The next year, Whaley has been lauded for the heroic efforts of finding a good starter in Ronald Darby in the second round of the draft — battling through the adversity of not having a first round pick.

Lest we forget, Whaley is the reason the Bills were without that first round pick to begin with, which robbed the Bills of another possible key contributor with a low cap number.

Instead, with a lack of draft picks on the roster, the Bills had to fill it in with the almighty dollar — piecing together a talented-enough-to-think-about-competing-for-a-playoff-spot roster while putting themselves in cap jail without an answer for the most important position in sports: quarterback.

That leads us to point number two: Whaley’s overall neglect of the quarterback position. The Bills continue to say that EJ Manuel wasn’t Whaley’s pick because he wasn’t the GM. I tend to agree with that.

However, that doesn’t explain his fascination with Manuel to keep campaigning to trot him out there as the starting quarterback when, clearly, he wasn’t the answer. And once again, here we are with Week 17 of the season and now without Rex Ryan as the head coach, and Whaley has seemingly forced his hand to get Manuel in the starting lineup for the regular season finale.

Ian Rapoport of NFL.com reported that it’s a ‘tryout’ for Manuel to maybe even hook on with the Bills for the 2017 season and beyond. Whether that’s as a starter or as a backup, either way, it’s left Bills fans feeling a bit uninspired considering the last time we saw EJ Manuel in a substantial non-hard count role was him imploding in the second quarter in London against Jacksonville.

After that, the Bills brought in all of Kyle Orton, Matt Cassel, and Tyrod Taylor. Cassel and Orton, veteran journeymen players that were nothing more than a bandaid, predictably flamed out for one reason or another.

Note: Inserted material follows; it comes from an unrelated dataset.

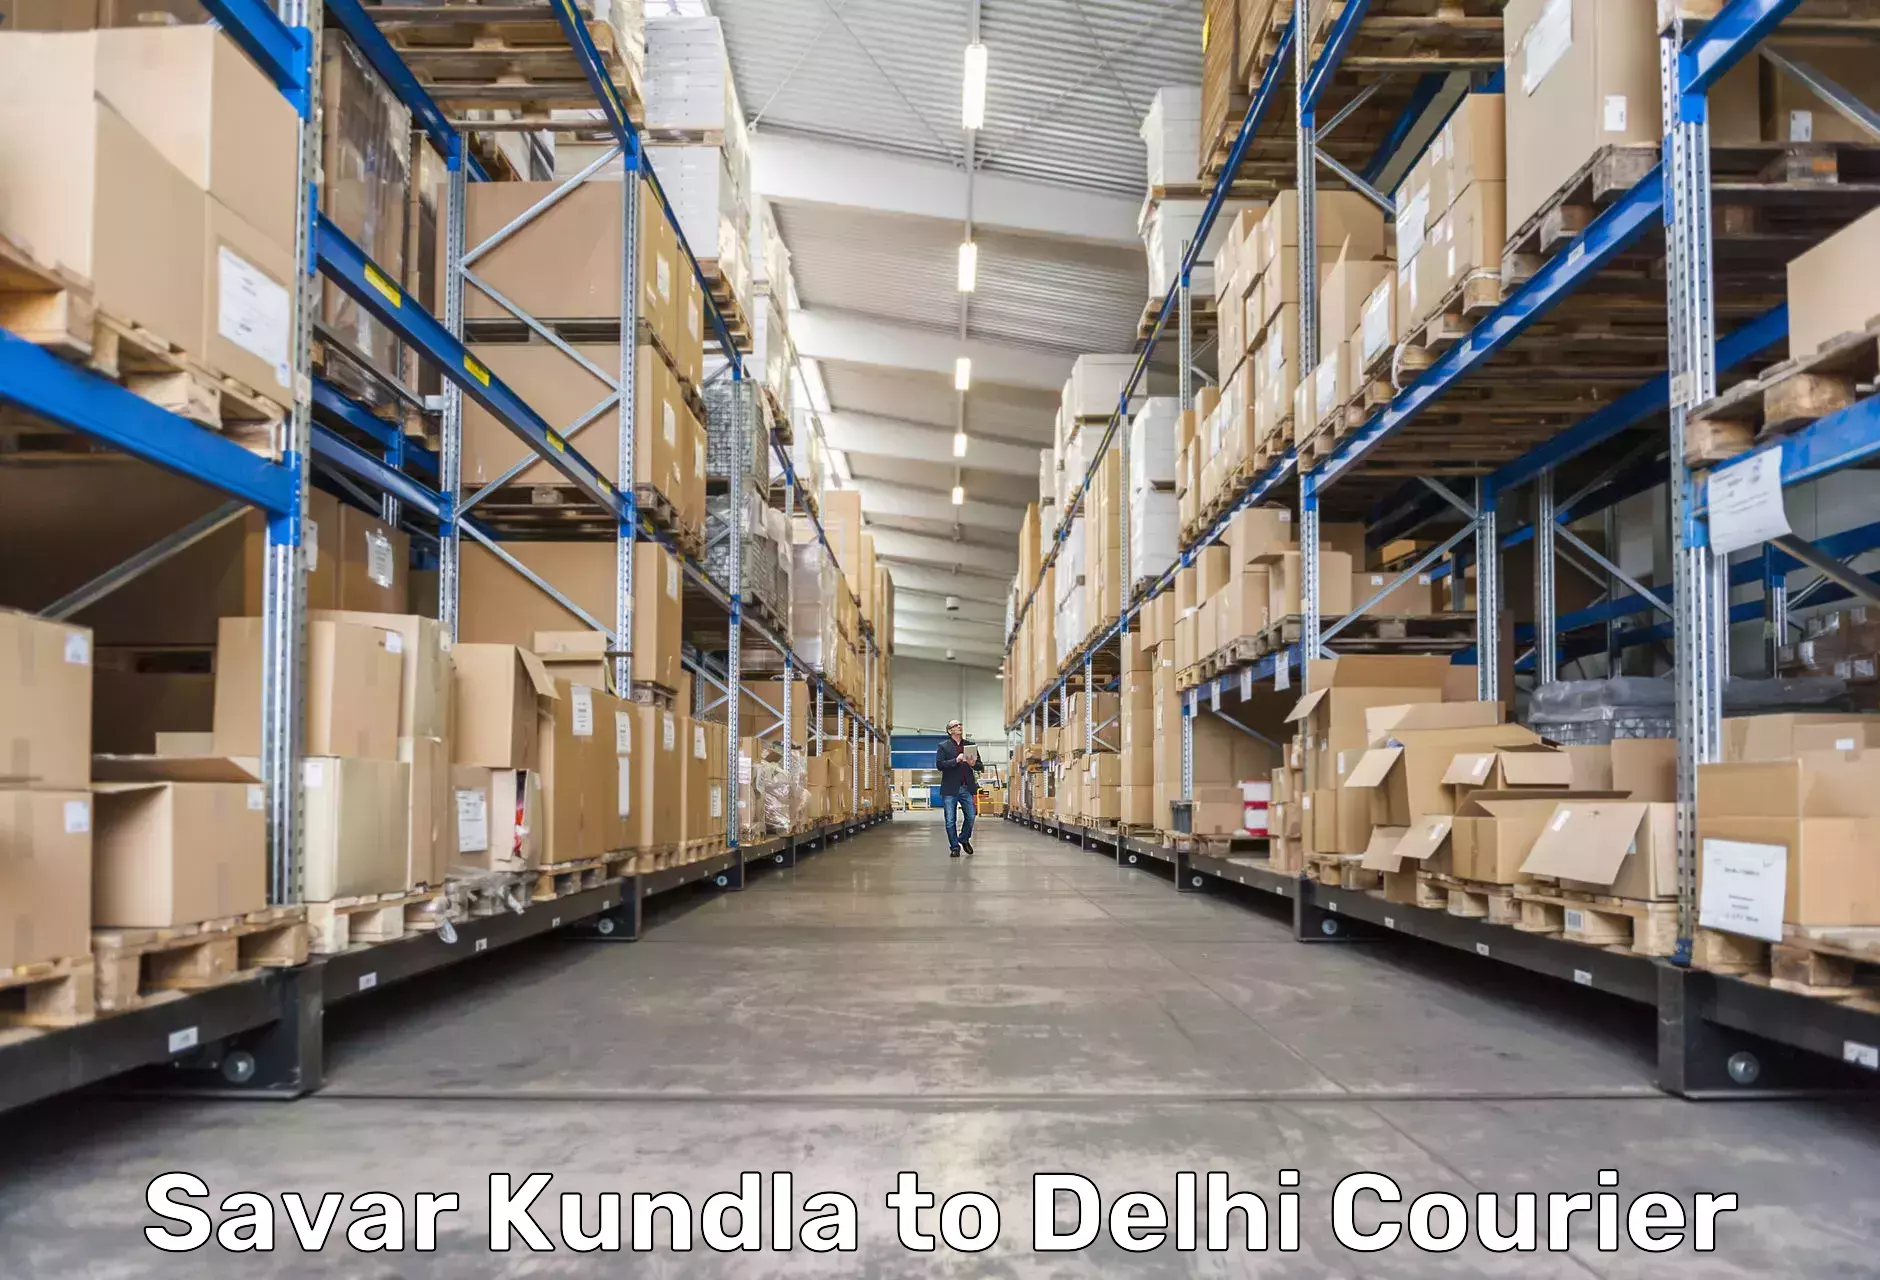 Subscription-based courier Savar Kundla to Delhi

And then Taylor, a dart throw of a free agent pickup that he signed off on to start the last two years, has been benched by the team for the final week of the season, with his future with the franchise looking, at best, uncertain.

The Bills also drafted Cardale Jones in the fourth round, and with due respect to Dak Prescott this season, but that’s usually an afterthought as far as quarterbacks that are drafted.

The Bills have purposefully deprived themselves of trying to get better at the quarterback position by not drafting players over the past four years, which is as damning a factor as you’ll find with how to build a team in the NFL today.

Third, and this is part of what inevitably helped do Rex Ryan in with only a game to go in the 2016 season, was not addressing depth at positions in the offseason where it was a major weakness. Safety, wide receiver, cornerback — three spots that were begging for some help from the front office in the offseason, and three positions that had nothing but late round picks or veterans signed to the free agent minimum that were added.

So, you see, for the good that Whaley has done, he is just as much to blame for the Bills being where we find them heading into the 2017 offseason.

And look, I know a lot of fans are going to bring up Russ Brandon’s name in this discussion, but I think those are wasted efforts. And believe me, I understand the fans’ frustration with the team’s lack of success for 17 years, and Brandon has held a prominent role all throughout. However, he’s not going anywhere any time in the near future. He’s too much of an integral piece to the operation that Terry and Kim Pegula are running with both franchises to unload him anytime soon.

Here’s what I do know, despite it all Whaley will have an opportunity to find his head coach — someone that he can actually work with this time around — and to finally fix what has been a problem for such a long time in Buffalo.

The top priority is to fix the quarterback position for the long-term — not with just a bandaid. If he, whoever the new coach is, and the rest of his front office don’t figure that out… it’s hard to expect much of anything to change in Buffalo.

And with all the chances he’s had already, the time is now to figure it all out — otherwise, his job better be on the chopping block next.